Search code examples
rvesthtmltext

how to separate html_text result using rvest?


I am trying to scrape information from google scholar web page:

https://scholar.google.com/citations?view_op=search_authors&hl=en&mauthors=label:materials_science

library(rvest)

htmlfile<-"https://scholar.google.com/citations?view_op=search_authors&hl=en&mauthors=label:materials_science"

g_interest<- read_html(htmlfile) %>% html_nodes("div.gsc_oai_int") %>% html_text()

I got the following result:

 [1] "Quantum Chemistry Electronic Structure Condensed Matter Physics Materials Science Nanotechnology "                   
 [2] "density functional theory first principles calculations many body theory condensed matter physics materials science "
 [3] "chemistry materials science physics nanotechnology "                                                                 
 [4] "Materials Science Nanotechnology Chemistry Physics "                                                                 
 [5] "Physics Theoretical Physics Condensed Matter Theory Materials Science Nanoscience "                                  
 [6] "Materials Science Quantum Chemistry Fiber Optic Sensors Geophysics "                                                 
 [7] "Chemical Physics Condensed Matter Materials Science Magnetic Properties NMR "                                        
 [8] "Materials Science "                                                                                                  
 [9] "Materials Science Physics "                                                                                          
[10] "Physics Materials Science Theoretical Physics Nanoscience "                                                          

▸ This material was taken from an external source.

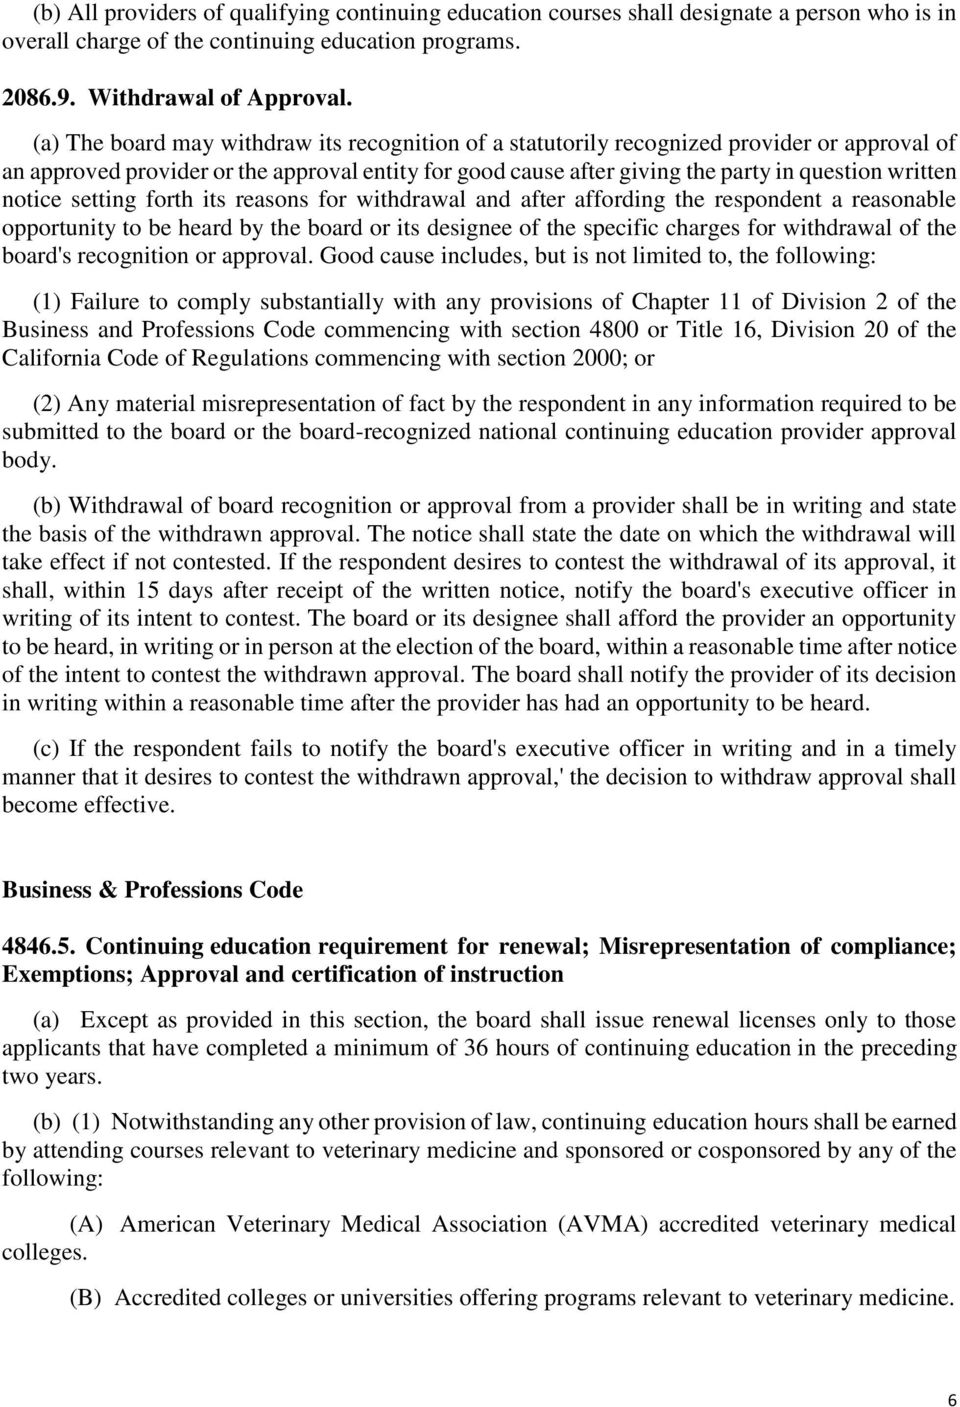 notice setting forth its reasons for withdrawal and after affording the respondent a reasonable opportunity to be heard by the board or its designee of the specific charges for withdrawal of the
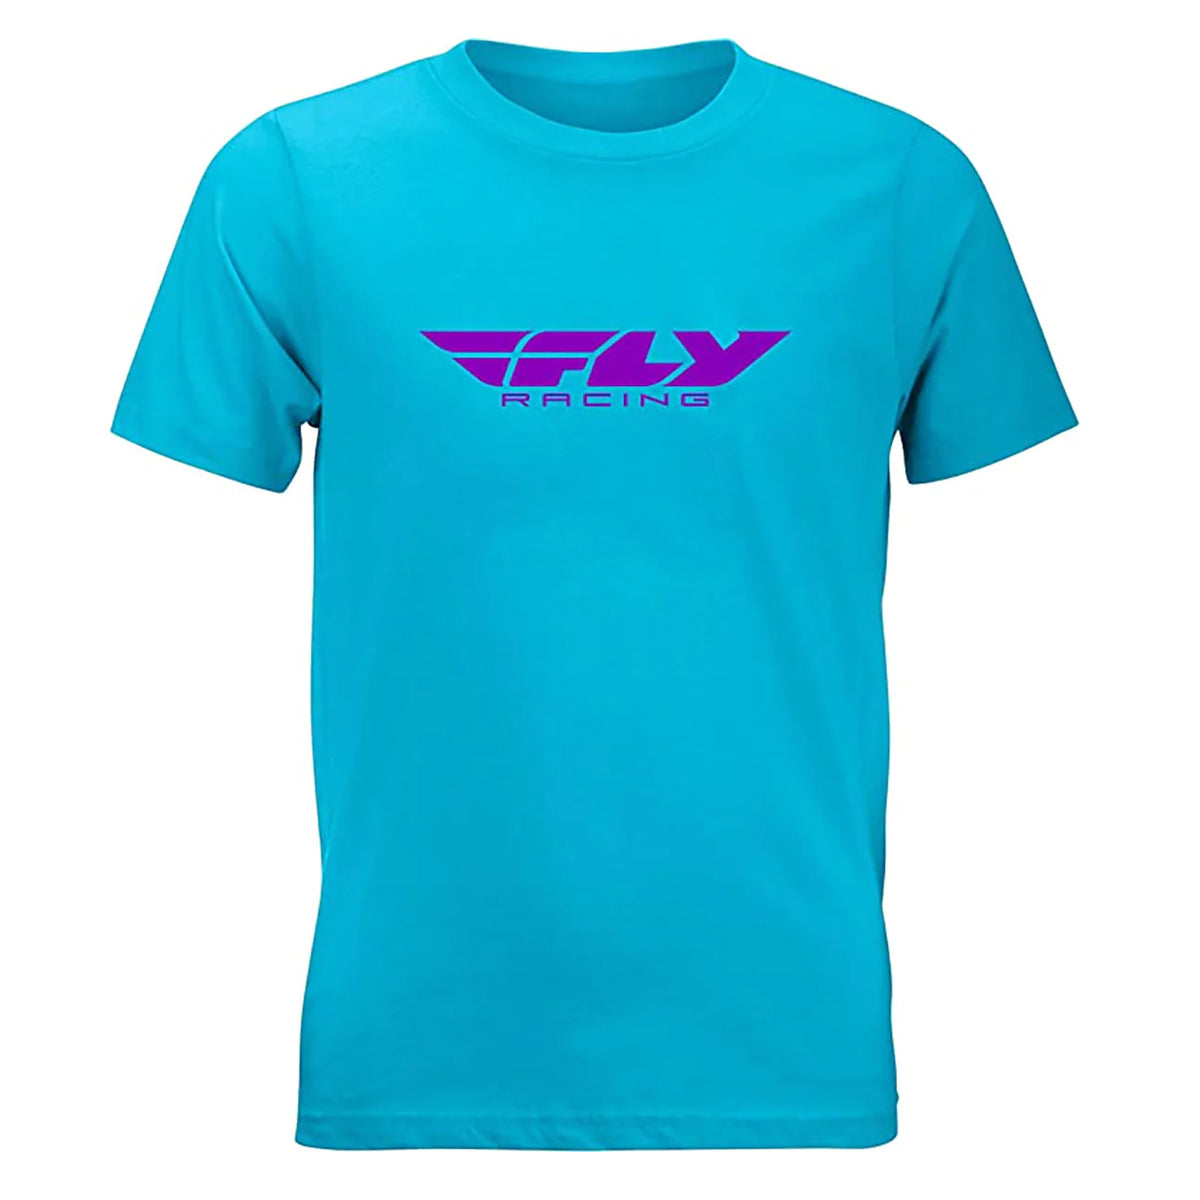 Fly Racing Corporate Youth Boys Short-Sleeve Shirts

However, I would like to get the results like:

[1]"Quantum Chemistry; Electronic Structure;Condensed Matter Physics; Materials Science; Nanotechnology " 
......

Any suggestions how to separate the results with ";"?


Solution

  • You can make use of purrr and stringr packages, extract all nodes first and concatenate individual ones.

    library(rvest)
    library(purrr)
    library(stringr)
    
    htmlfile<-"https://scholar.google.com/citations?view_op=search_authors&hl=en&mauthors=label:materials_science"
    
    content_nodes<- read_html(htmlfile) %>% html_nodes("div.gsc_oai_int")
    
    map_chr(content_nodes,~.x %>%
            html_nodes(".gsc_oai_one_int") %>%
            html_text() %>%
            str_c(collapse = ";"))
    

    result:

    [1] "Quantum Chemistry;Electronic Structure;Condensed Matter Physics;Materials Science;Nanotechnology"                   
    [2] "density functional theory;first principles calculations;many body theory;condensed matter physics;materials science"
    [3] "chemistry;materials science;physics;nanotechnology"                                                                 
    [4] "Materials Science;Nanotechnology;Chemistry;Physics"                                                                 
    [5] "Physics;Theoretical Physics;Condensed Matter Theory;Materials Science;Nanoscience"                                  
    [6] "Materials Science;Quantum Chemistry;Fiber Optic Sensors;Geophysics"                                                 
    [7] "Chemical Physics;Condensed Matter;Materials Science;Magnetic Properties;NMR"                                        
    [8] "Materials Science"                                                                                                  
    [9] "Materials Science;Physics"                                                                                          
    [10] "Physics;Materials Science;Theoretical Physics;Nanoscience"